Chapter 14: Analysis and Validation Skills¶
Analysis skills are the quality layer of the Claude Code skill ecosystem. Where data format skills transform and code generation skills produce, analysis skills evaluate. They take an existing artifact — a Markdown file, a learning graph, a course description, a MicroSim — and return a structured assessment: scores, flags, specific recommendations, and sometimes an automated pass/fail verdict that gates further work.
This chapter covers the design patterns for analysis skills, with deep dives into DAG validation for learning graphs, the book-metrics-generator pattern, course description assessment scoring, and the general-purpose quality gate pattern that enables skills to enforce standards before proceeding.
The Anatomy of an Analysis Skill¶
Every analysis skill shares the same fundamental structure:
- Input acquisition — read the artifact to be evaluated
- Criteria application — compare the artifact against defined standards
- Scoring — assign numeric or categorical scores to each criterion
- Reporting — produce a structured report with scores, findings, and recommendations
- Gate decision — optionally block downstream work if scores fall below a threshold
The critical design insight is that criteria must be explicit and measurable before the skill is written. Vague criteria like "good quality" or "well-structured" produce inconsistent scores. Concrete criteria like "has 8 to 12 concepts per learning unit" or "every concept node has at least one inbound and one outbound edge" produce consistent, actionable scores.
flowchart LR
A[Artifact] --> B[Analysis Skill]
B --> C[Criteria Engine]
C --> D[Score Calculator]
D --> E[Report Generator]
E --> F[Score Report]
F --> G{Gate Check}
G -->|Pass| H[Downstream Work]
G -->|Fail| I[Block + Recommendations]
DAG Validation for Learning Graphs¶
A learning graph is a directed acyclic graph (DAG): concepts are nodes, prerequisites are edges, and the graph must be acyclic (no circular prerequisite chains). A DAG validation skill verifies that a learning graph file:
- Has no cycles (the graph is a true DAG)
- Has no orphan nodes (every concept is reachable from at least one entry point)
- Has no dangling references (every edge references concepts that exist as nodes)
- Has appropriate depth distribution (not all concepts at the same level)
- Has appropriate connectivity (no concepts with zero edges)
The Validation Algorithm¶
#!/usr/bin/env python3
"""
validate_dag.py - Validate a learning graph JSON as a proper DAG
Usage: python3 validate_dag.py <learning_graph.json>
"""
import sys
import json
from collections import defaultdict, deque
def load_graph(path: str) -> dict:
with open(path) as f:
return json.load(f)
def extract_graph(data: dict):
"""Extract nodes and adjacency list from the learning graph format."""

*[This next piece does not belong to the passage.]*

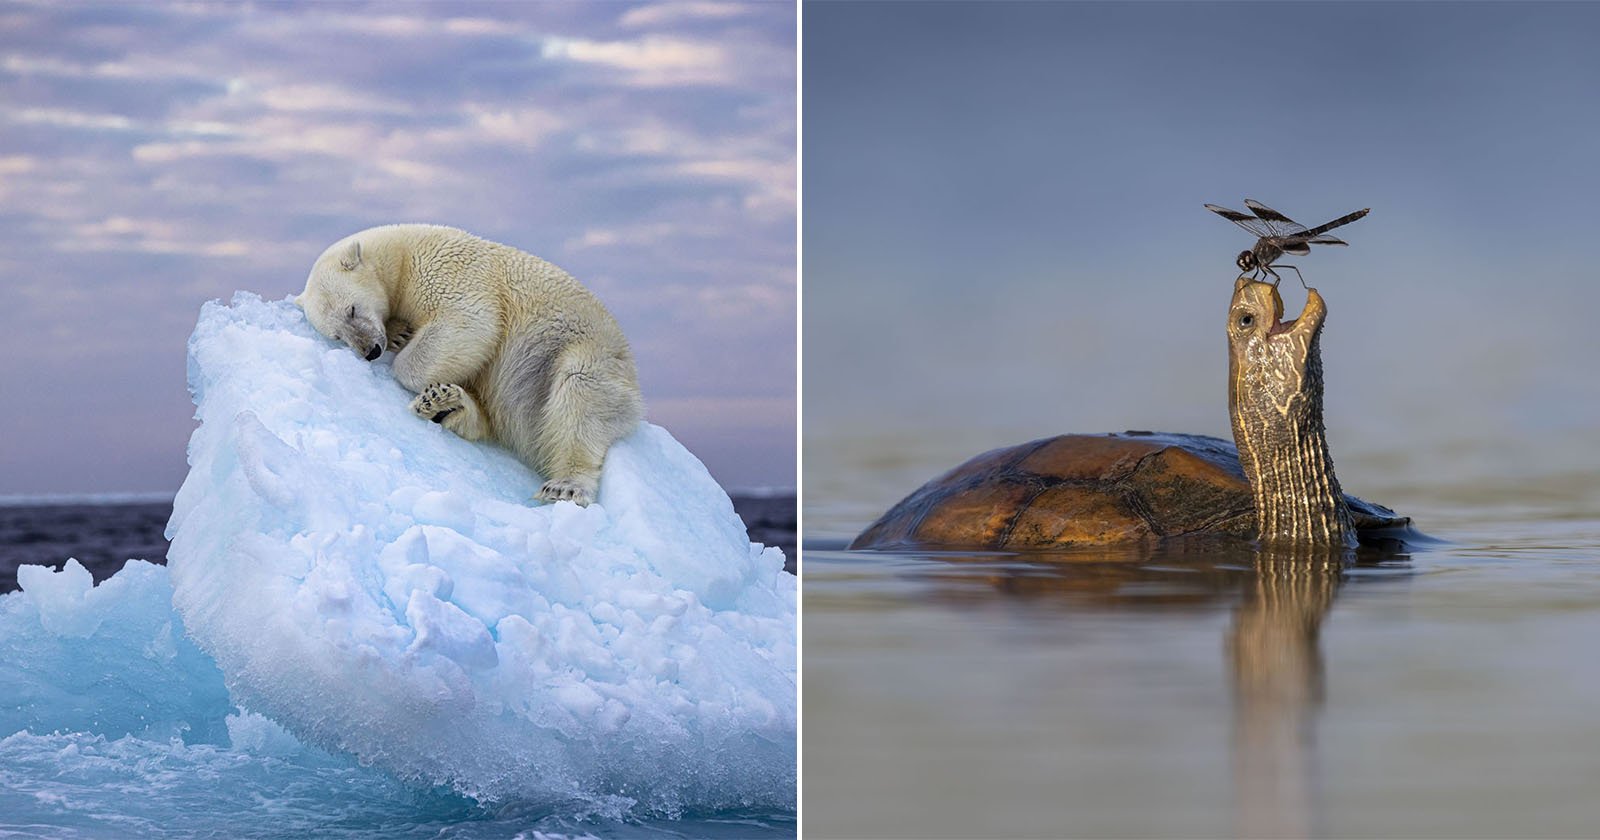 Vote for Your Favorite in the Wildlife Photographer of the Year Contest

concepts = {c["id"]: c for c in data.get("concepts", [])}
edges = data.get("relationships", [])
adj = defaultdict(list)
rev_adj = defaultdict(list)
for edge in edges:
adj[edge["source"]].append(edge["target"])

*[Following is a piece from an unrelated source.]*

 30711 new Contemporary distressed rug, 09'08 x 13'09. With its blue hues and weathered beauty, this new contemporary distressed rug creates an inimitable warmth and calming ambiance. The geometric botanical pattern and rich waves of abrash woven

rev_adj[edge["target"]].append(edge["source"])
return concepts, edges, adj, rev_adj
def check_dangling_refs(concepts: dict, edges: list) -> list:
errors = []
ids = set(concepts.keys())
for edge in edges:
if edge["source"] not in ids:
errors.append(f"Edge source '{edge['source']}' does not exist as a concept")
if edge["target"] not in ids:
errors.append(f"Edge target '{edge['target']}' does not exist as a concept")
return errors
def check_cycles(concepts: dict, adj: dict) -> list:
"""Kahn's algorithm for topological sort — if we can't sort all nodes, there's a cycle."""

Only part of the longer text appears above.